Tomasz Czarnecki, COO at EconCore, says the start-up of the Fynotej production line is a significant step forward for lightweight thermoplastics honeycomb composites in the North American automotive sector.

“It is one of the latest additions to our network of licensees, which now spans Europe, Asia and North America, covering applications not only in automotive, but – depending on the evolutions, potentially also in commercial transportation, building and construction, reusable industrial packaging and more,” he states.

Czarnecki also highlights another EconCore licensee in North America, Wabash National, a producer of semi-trailer and truck bodies.

“The combination of thermoplastic honeycomb core with metal skins is another example of the versatility of the EconCore technology,” he says.

PP and beyond

EconCore has now broadened its focus to high-performance thermoplastic (HPT) honeycomb core materials and sandwich panels.

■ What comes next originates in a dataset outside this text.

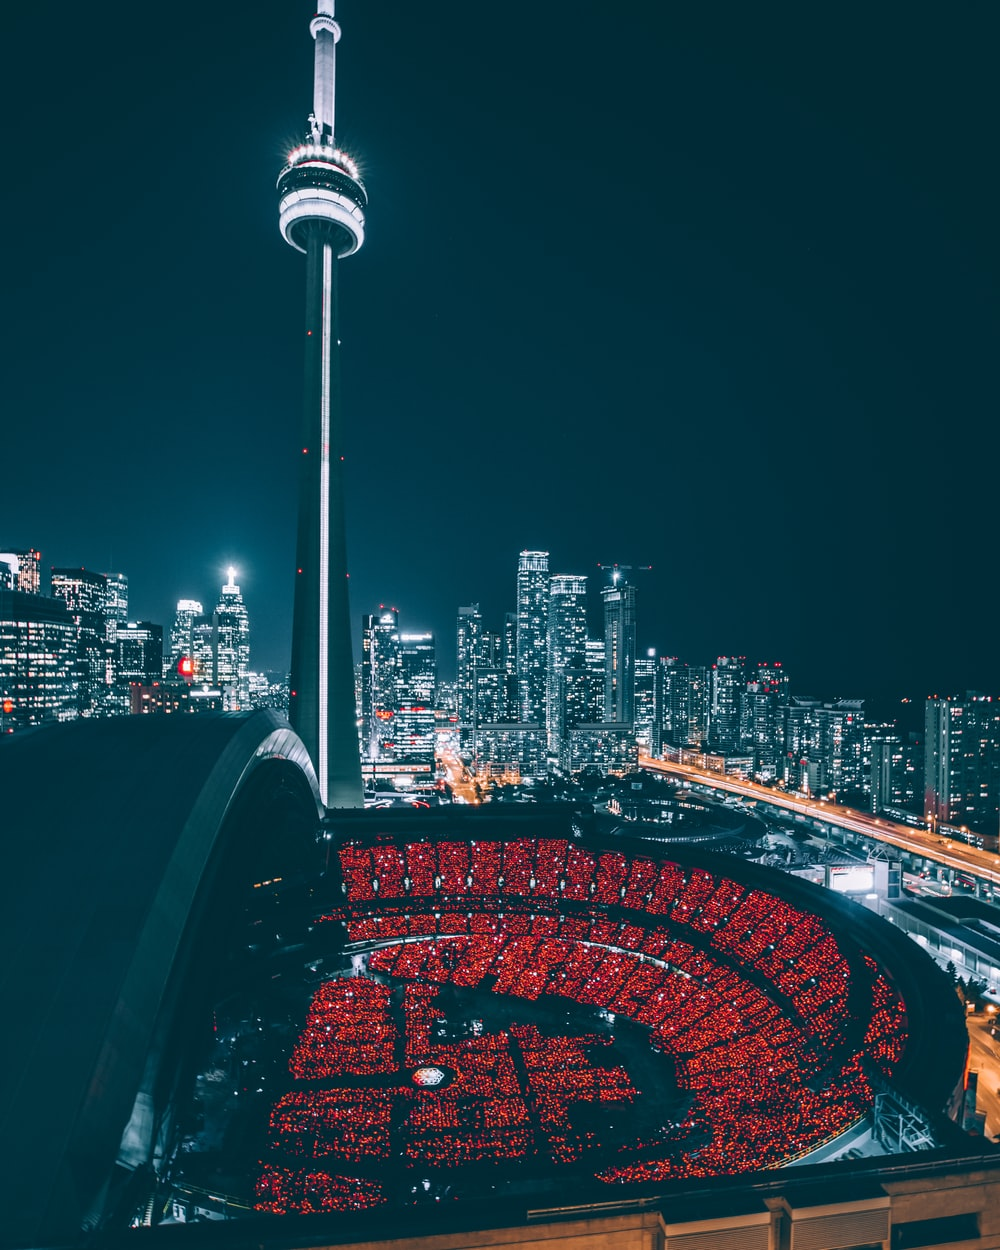 CN Tower at nighttime

“The high speed continuous technology has been proven to be a logical fit for high-volume applications using commodity thermoplastics,” says Czarnecki. “Now we are extending its capabilities to produce honeycomb cores in engineering plastics, including modified polycarbonate, polyamide 66, polyphenylene sulphide (PPS) and others.”

EconCore has already produced and tested honeycombs in several HPTs at its recently-refurbished R&D facilities in Leuven, Belgium. It will present the latest developments in these materials at NPE2018.

HPT honeycombs will build on the intrinsic benefits of lightweight honeycomb structures, adding improved heat resistance (useful for such products as housings for electric vehicle batteries) and very good flame resistance (critical for building panels). EconCore is also working with materials modified for FST (flame, smoke, toxicity) compliance in railway and aerospace applications. It sees substantial potential in photovoltaic (PV) panels and numerous other products.

EconCore is readying a variant of the ThermHex technology for production of PP honeycomb cores thermally bonded between skins of PP reinforced with continuous glass fibres. These organosandwich materials are said to offer an outstanding ratio of stiffness to weight and can be converted into final parts – in-line if desired – using quick and efficient processes such as thermoforming and over-moulding. Compared with conventional composite and metal-based solutions, they are reported to offer superior lightweighting potential and important cost benefits.